Надежды все меньше и меньше… Теперь он уже не по своей воле держит путь на юг. Люди на верблюдах везут его, как и несколько сот других пленных, к себе домой, не спрашивая, желают они этого или нет. Айстис, как и остальные, — их раб, купленный на рынке в Газе. А с рабами они могут делать все, что им заблагорассудится.
Что ждет его и остальных, сидящих в корзинах для рабов?
Не хотелось думать о будущем. Он старался как можно чаще хотя бы мысленно возвращаться в прошлое. Перед глазами возникли виды родного края, а из более поздних событий — пребывание в Александрии, где его, словно брата, опекал Такемт…
— Эй! Эй! — закричали всадники, сопровождающие караван.
Айстис оторвался от своих мыслей и возвратился в настоящее. Караван продвигался по равнине, вся поверхность которой была покрыта мелкими черными комьями. В лучах солнца, склонившегося к закату, казалось, что на черных камешках сверкают красноватые огоньки, и вся равнина была покрыта этими огоньками…
Утром ландшафт изменился. Вокруг поднималось все больше холмов. Дорога петляла по дну ущелья.
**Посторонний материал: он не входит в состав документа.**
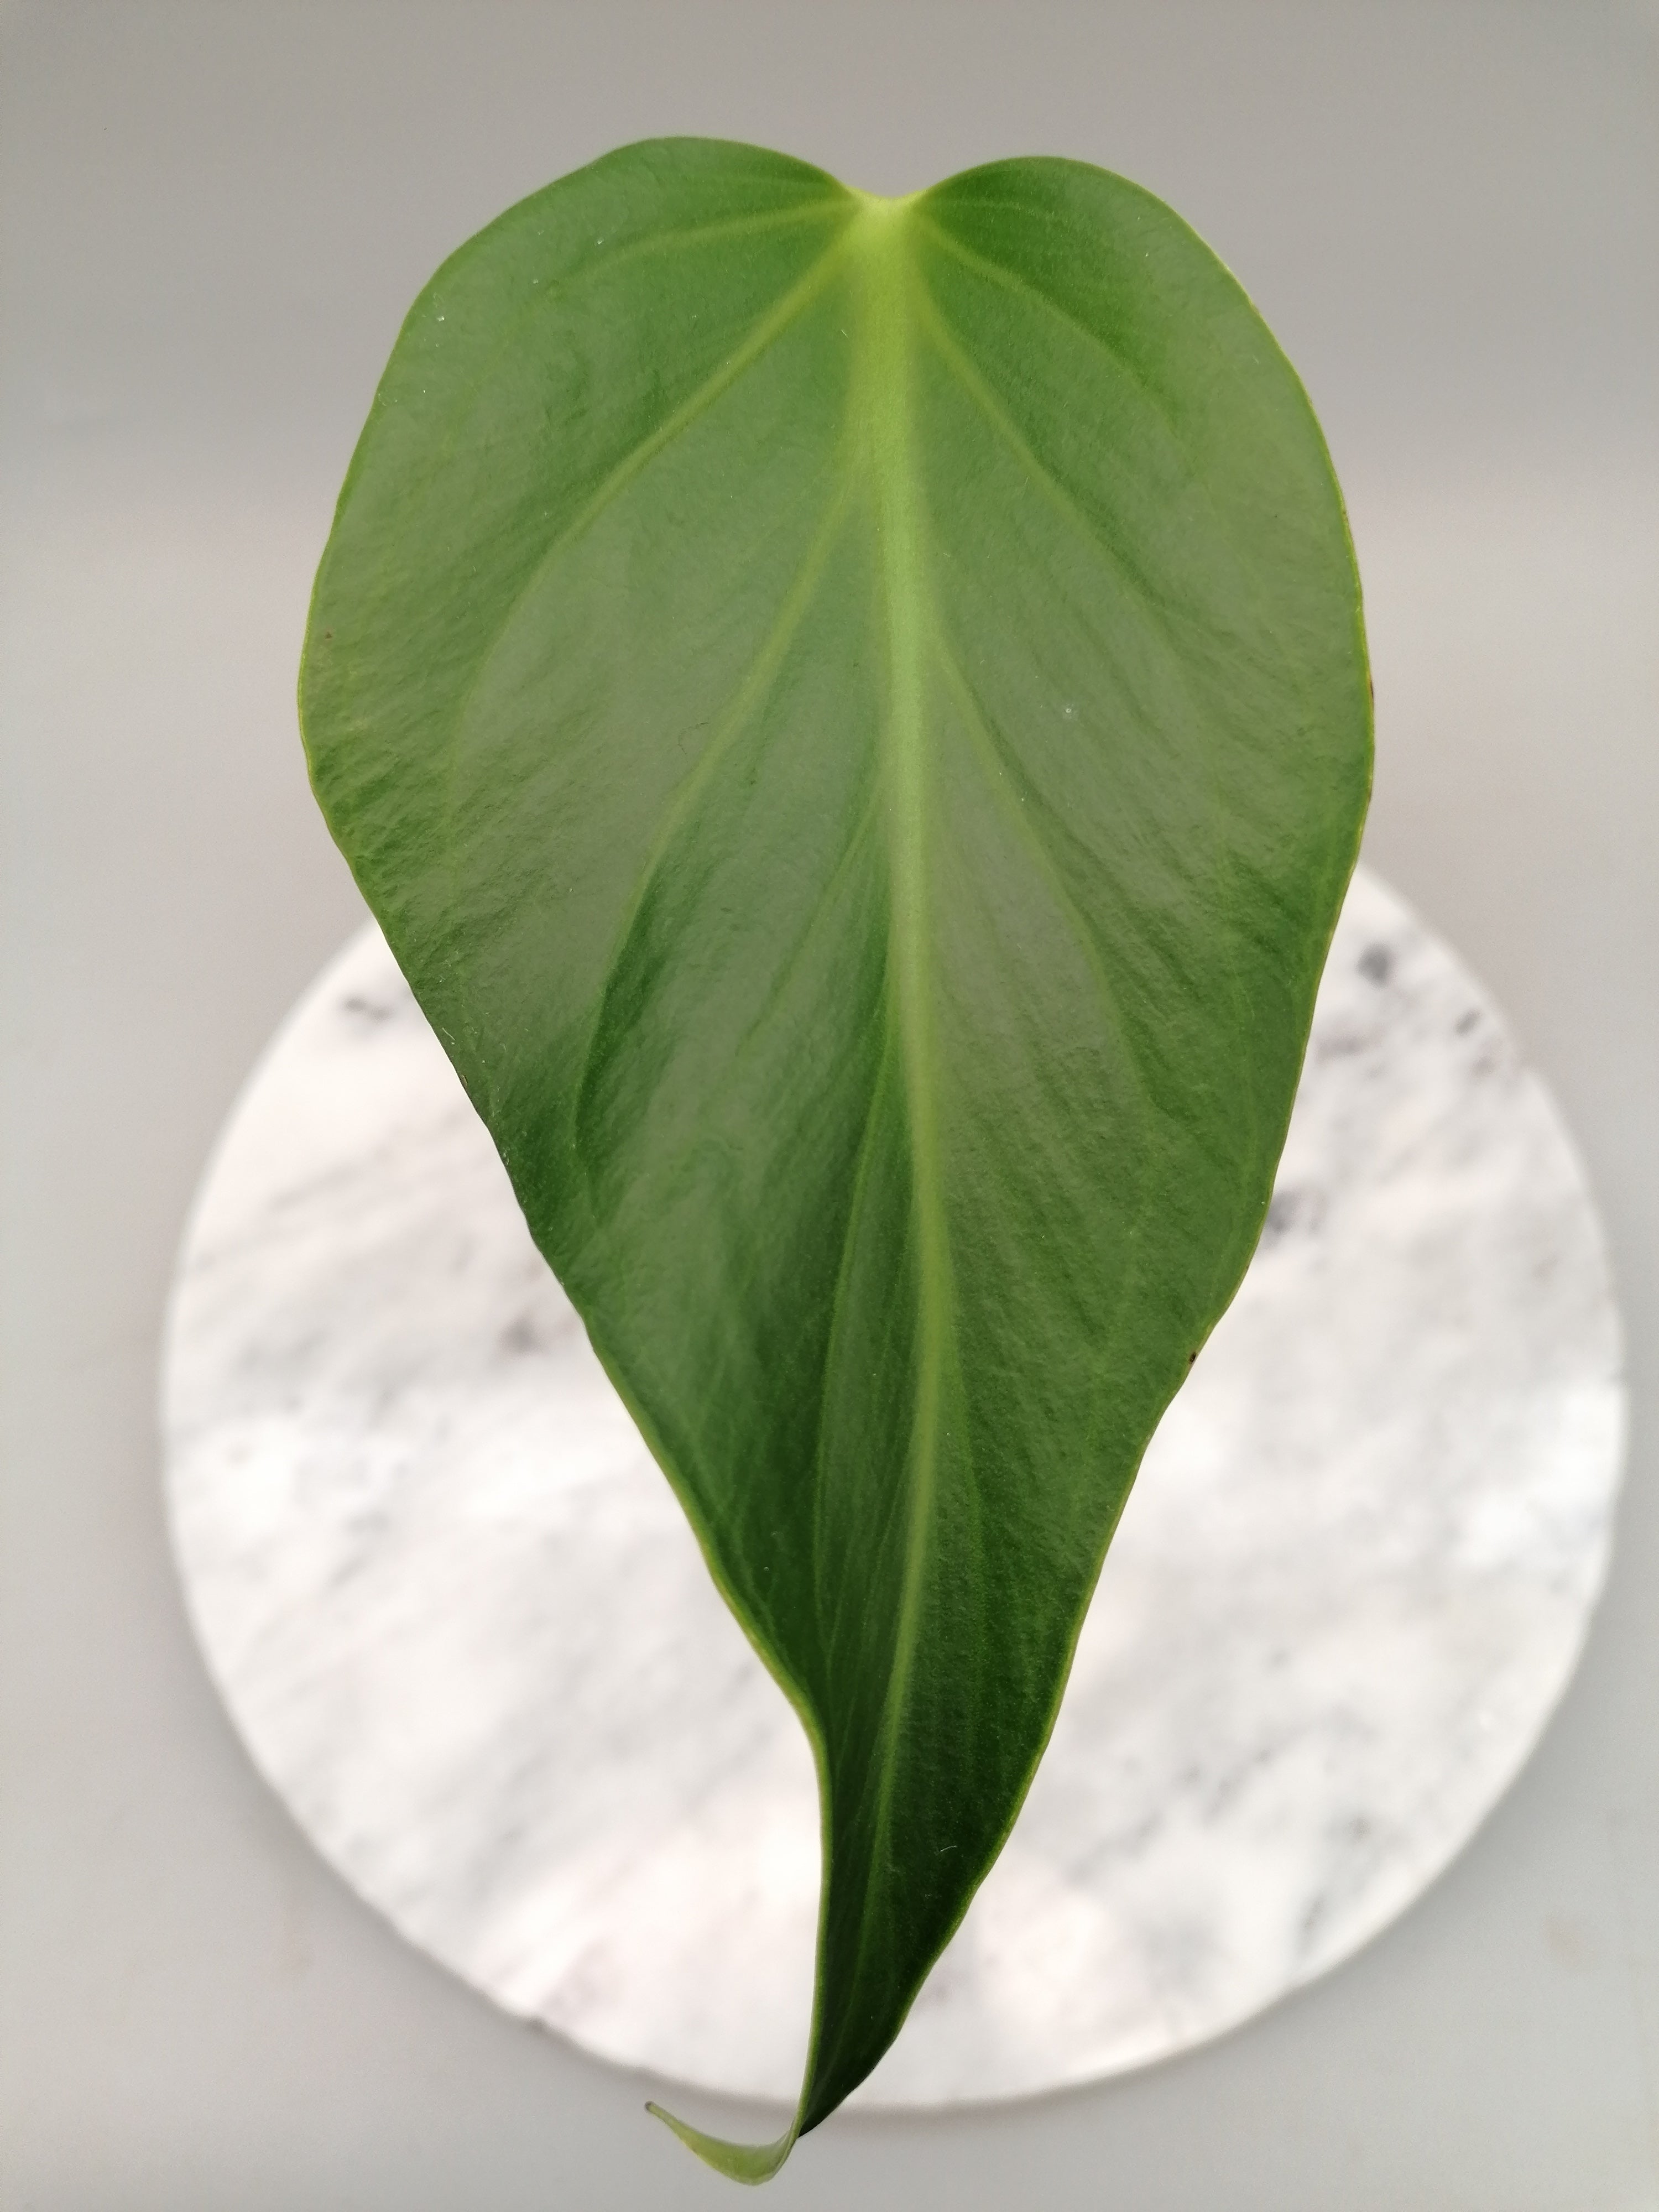 Monstera 'Burle Marx Flame' 1 Leaf (Cutting)

Айстис все еще не мог привыкнуть к виду этих черных полей, черных камней, которые в лучах солнца лоснились, словно покрытые маслом.
Неторопливо шагали верблюды, уже которую неделю кряду шаркая толстыми ступнями по черным пластинам дороги. Как бы дремля, семенили ослы.
Кое-где с холмов на караван поглядывали пугливые антилопы, порой проносился длиннорогий горный козел. Изредка, вероятно с надеждой на добычу, в небе над головой кружил сокол.
И снова покой. Только ветер подгоняет пыль по обе стороны черной дороги.
В долинах росли деревья и кустарники. Среди них Айстис заметил куст с широкими листьями в колючках. Цвел шиповник, напоминающий тот, что рос на его родине, около дома. Только у этого цветы были крупнее.
Местами к дороге подступали участки белого песка. Они простирались слева, напоминая Великие Пески…
Караван держал путь на юг. Ландшафт становился все суровее. Дорога проходила по ущельям, словно бы пробитым в скалах, ныряла в туннели, такие высокие и широкие, что даже сильно навьюченные верблюды беспрепятственно проходили сквозь них со своей поклажей. Справа виднелись склоны гор, усеянные камнями — то круглыми, словно обкатанными, то острыми.
Местами вдоль дороги виднелись кучи камней. Их вершины были украшены то куском ткани, оторванным от одежды, то клоком шерсти, прикрепленным к палке. Камни были сложены путниками, которые так выражали свою благодарность горным духам за то, что они помогли преодолеть ущелье или вершину.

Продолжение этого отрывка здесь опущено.